Brown’s data showed a slow oscillation between colder and warmer eras in the Bering Sea, rather than a steady rise in temperatures. These shifts in the prevailing temperature were likely driven by the atmospheric fronts and ocean currents that impact the region, he said. Though annual variations in sea ice retreat had significant effects on the spring blooms, there was no indication of any long-term shifts in the timing of when sea ice melted each year.

Defying expectations—and warming in other regions, such as the Arctic Ocean further north—the Bering Sea has also entered another cold period over the past few years, Brown said. 2012 had the iciest conditions on record.

The value of this research, Arrigo said, is that it creates a longer timeline for conditions in the Bering Sea, providing broader context for what has been happening to the regional climate.

“You can almost get any trend you want if you don’t go back far enough,” he said.

Because the Bering Sea had experienced prior warm periods, Brown concluded that other factors probably caused the walleye pollock swell in the 1970s. He theorizes that the pollock population may instead have surged as result of devastating whaling in the region, which took off after World War II and only ended in the early 1970s. The pollock competes for food with some species of whale, and is preyed upon by several others; their disappearance from the Bering Sea could have allowed the fish to thrive.

Walleye pollock has become one of the world's most valuable fisheries, worth a billion dollars per year. (Photo courtesy of NOAA)
Walleye pollock has become one of the world’s most valuable fisheries, worth a billion dollars per year. (Photo courtesy of NOAA)

“We do a disservice when we ignore the direct impacts that humans can have on the environment,” Brown said.

Still, not everyone is convinced that Brown has ruled out a climate role in the pollock boom.

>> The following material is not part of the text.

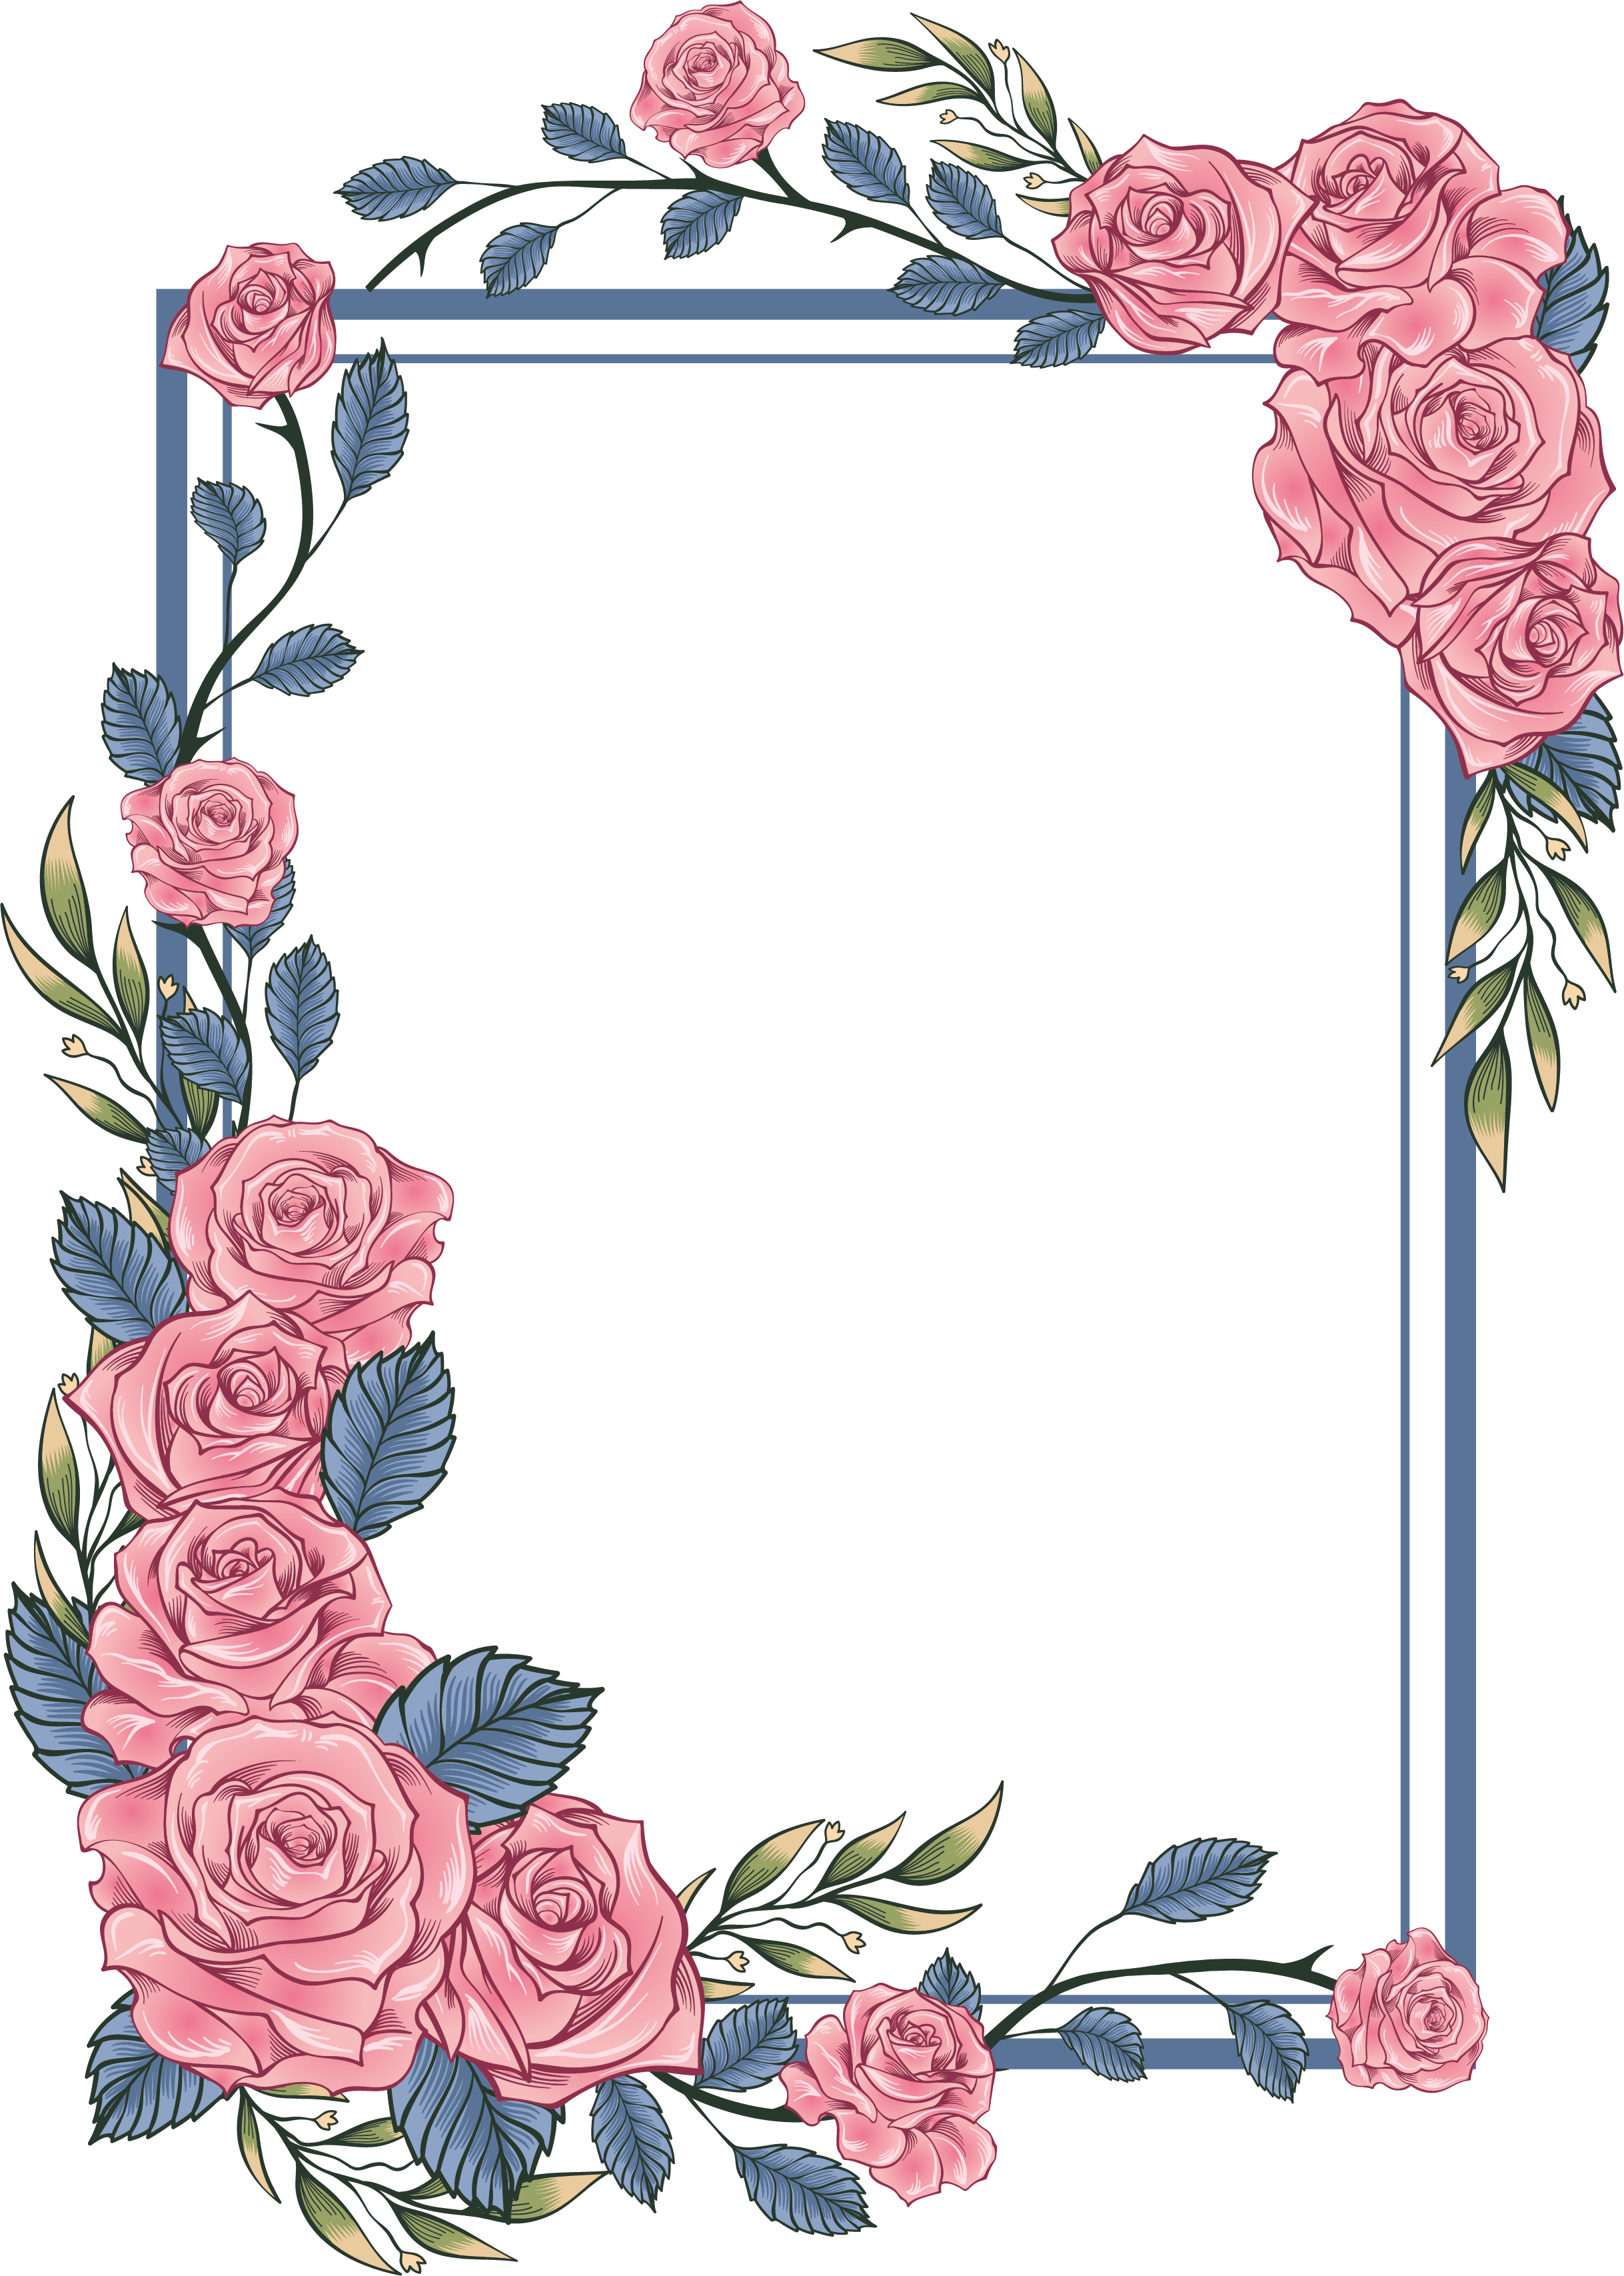 A Frame Of Pink Roses And Leaves

Nicholas A. Bond, who researches air-sea interactions in the Pacific at the University of Washington, cautions against underplaying the impact of even temporary climate variations.

“The rules change in different climate regimes,” Bond said.

“Warmer conditions in the late ‘70s led to a whole shift in the ecosystem structure of the Bering Sea community,” he added. “The walleye pollock took advantage of it.”

While whaling may have contributed to the pollock population increase, Bond said, it’s difficult to measure how much any one element affects the system as a whole. That makes predicting and preparing for the sustainability of the walleye pollock fishery a challenge, especially if future warming once again drastically shifts the conditions that determine the Bering Sea food web.

For one of the world’s most important fish, it seems uncertainty is the only sure thing.